About this task: Exactly as they appear below, repeat the lines from the one with "Transformers Collaborative - Transformers" through the one with "Exploring Trader Joe's: Trader". Drop every picture.

Data in this exercise:

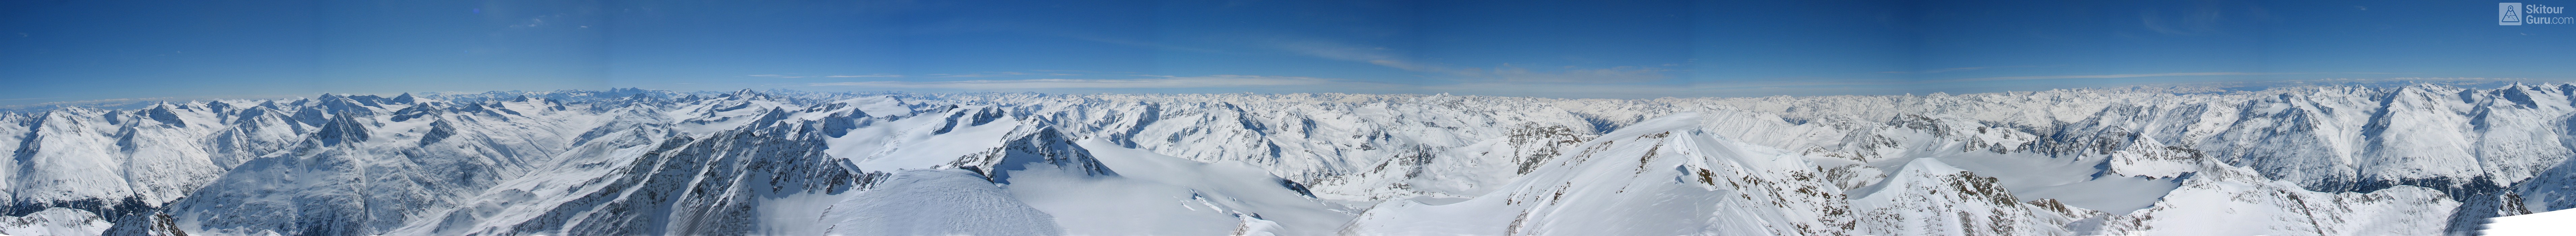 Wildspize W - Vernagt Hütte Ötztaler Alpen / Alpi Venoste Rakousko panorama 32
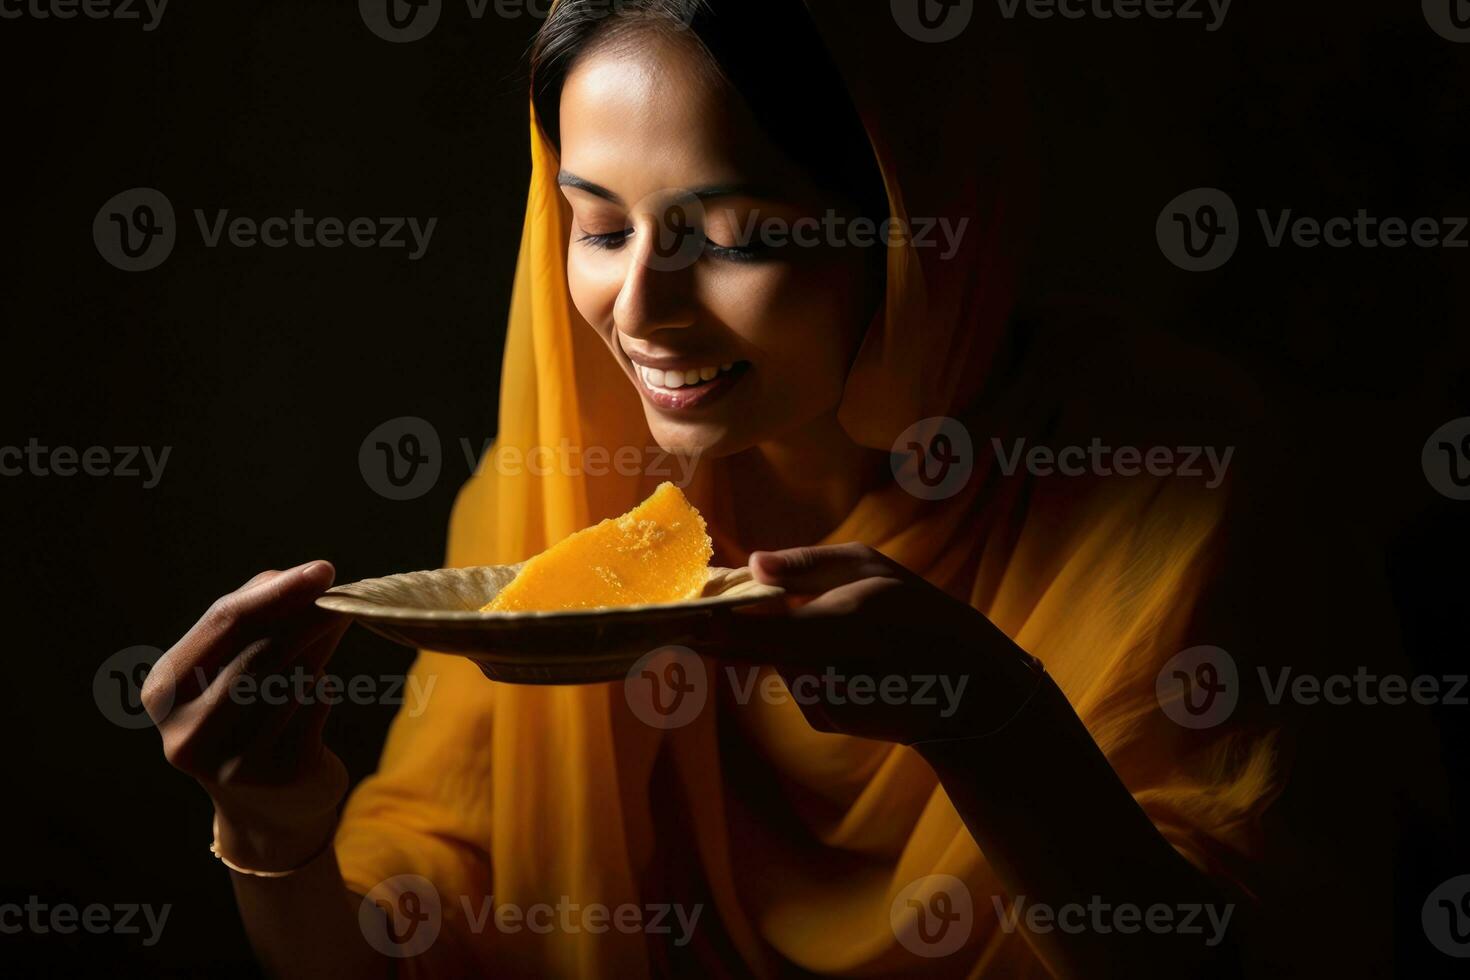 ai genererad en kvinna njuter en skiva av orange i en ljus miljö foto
...
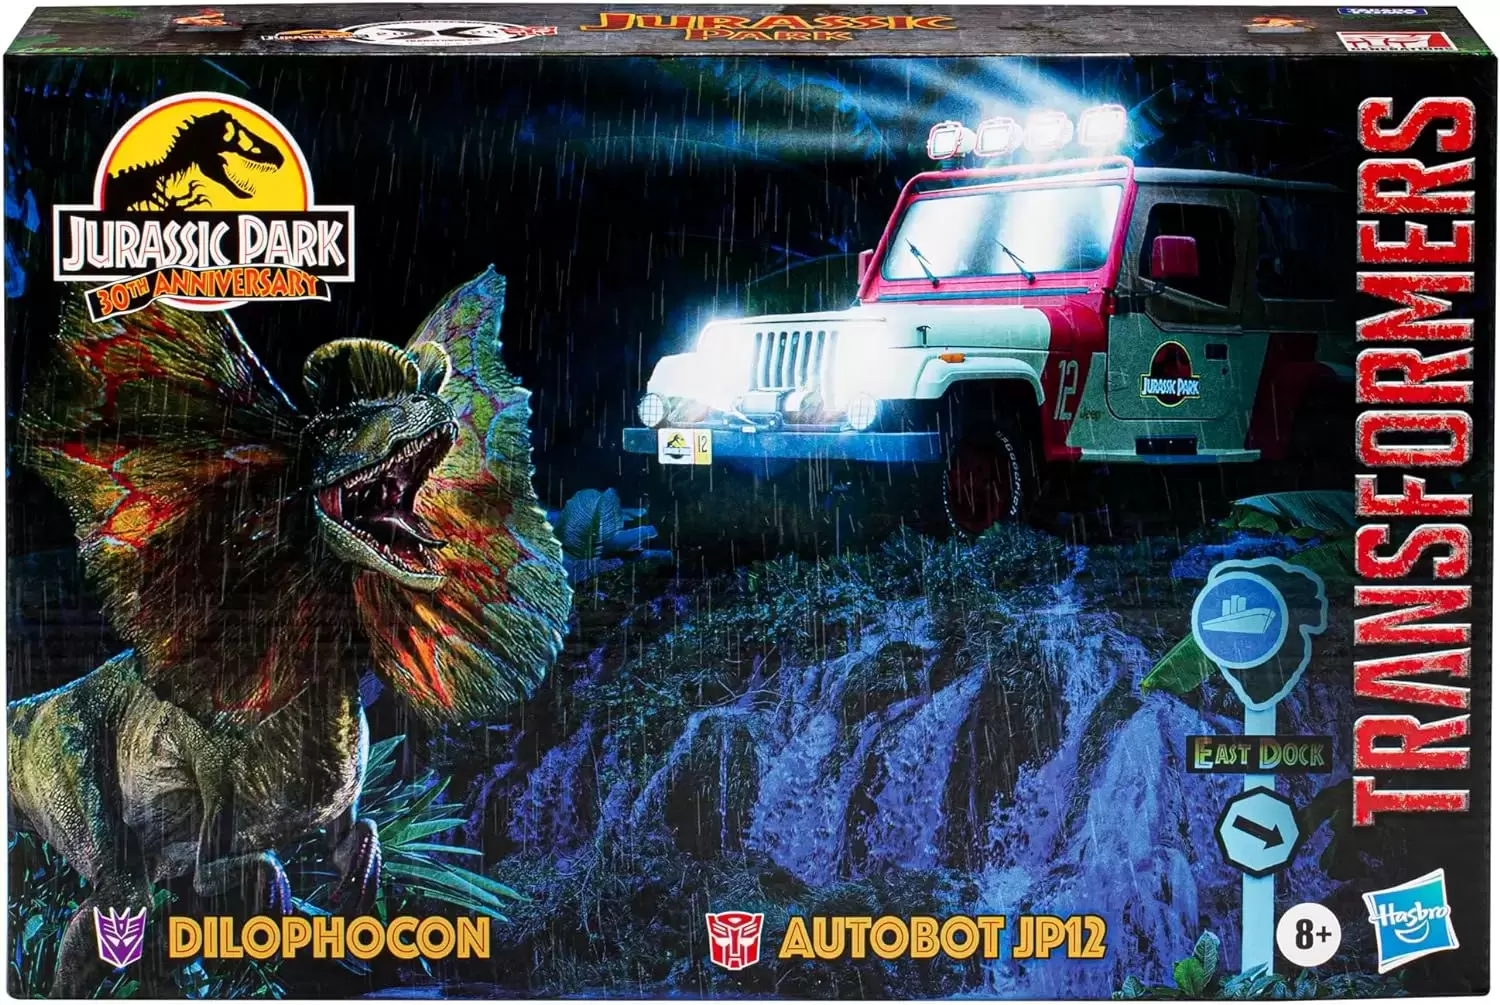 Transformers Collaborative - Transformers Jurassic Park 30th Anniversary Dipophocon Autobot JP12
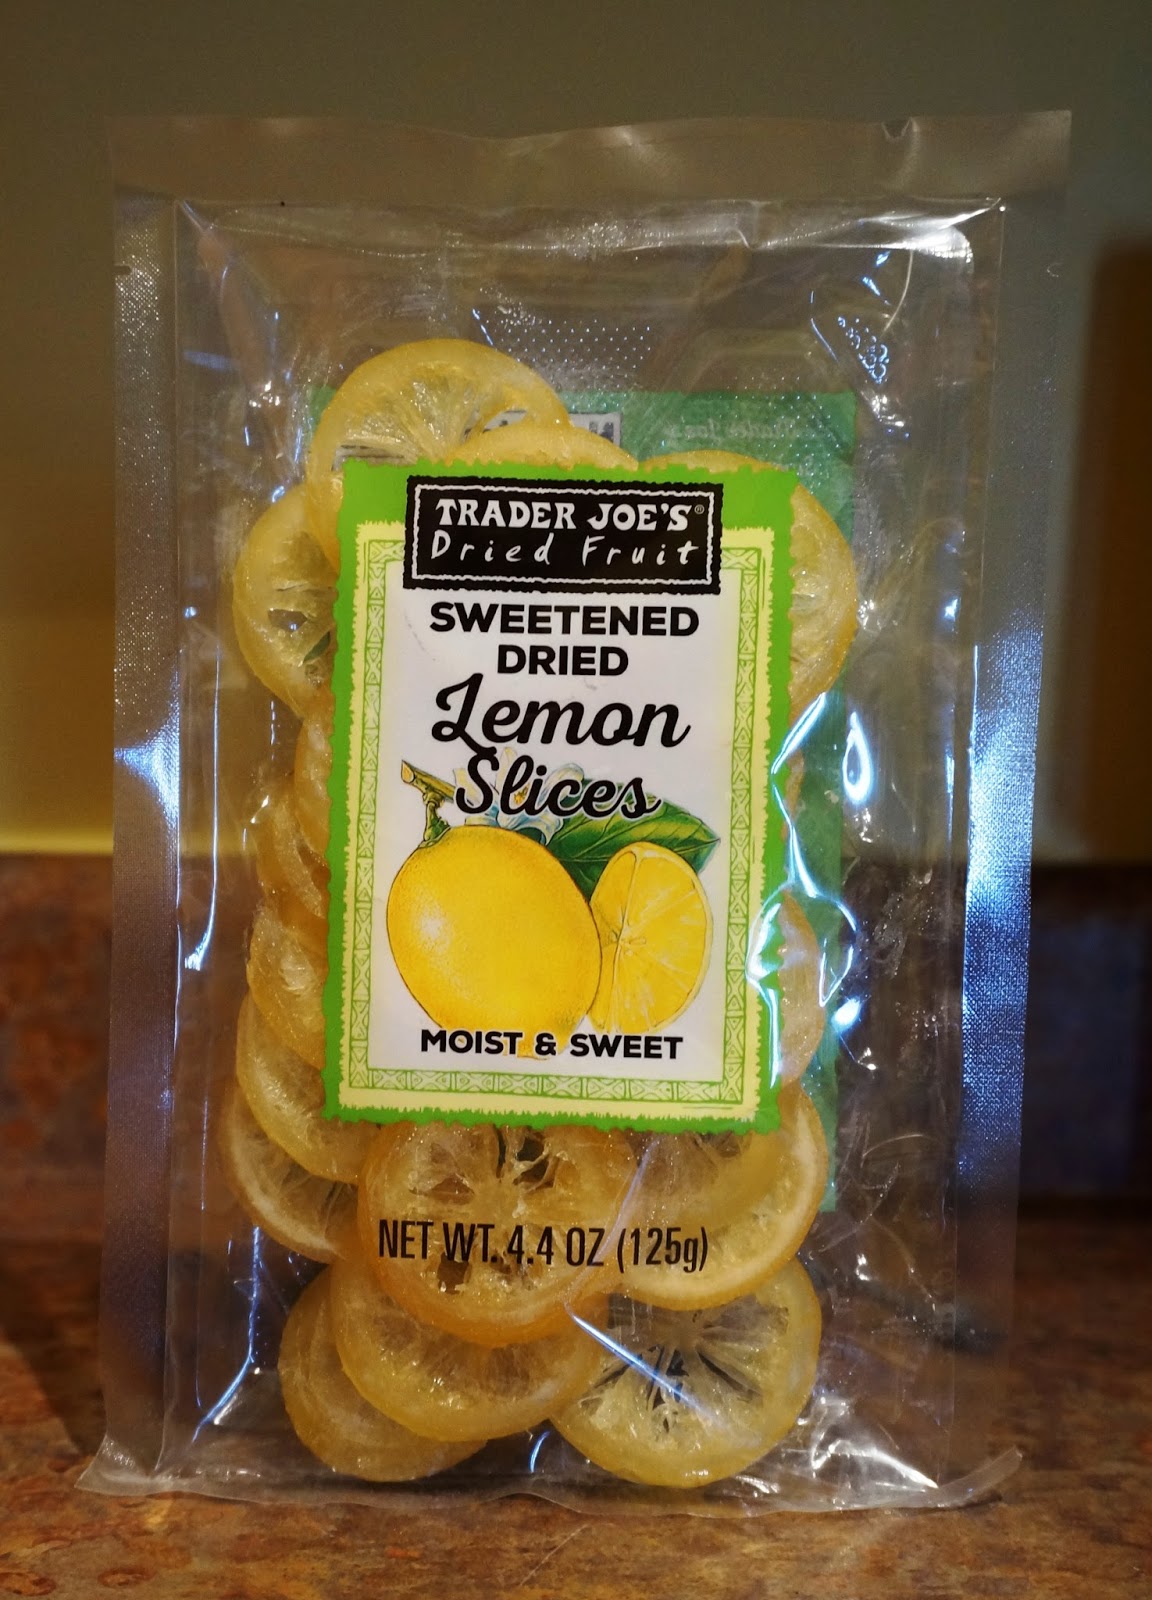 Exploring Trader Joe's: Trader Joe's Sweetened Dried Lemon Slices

Solution to this exercise:
 Transformers Collaborative - Transformers Jurassic Park 30th Anniversary Dipophocon Autobot JP12
 Exploring Trader Joe's: Trader Joe's Sweetened Dried Lemon Slices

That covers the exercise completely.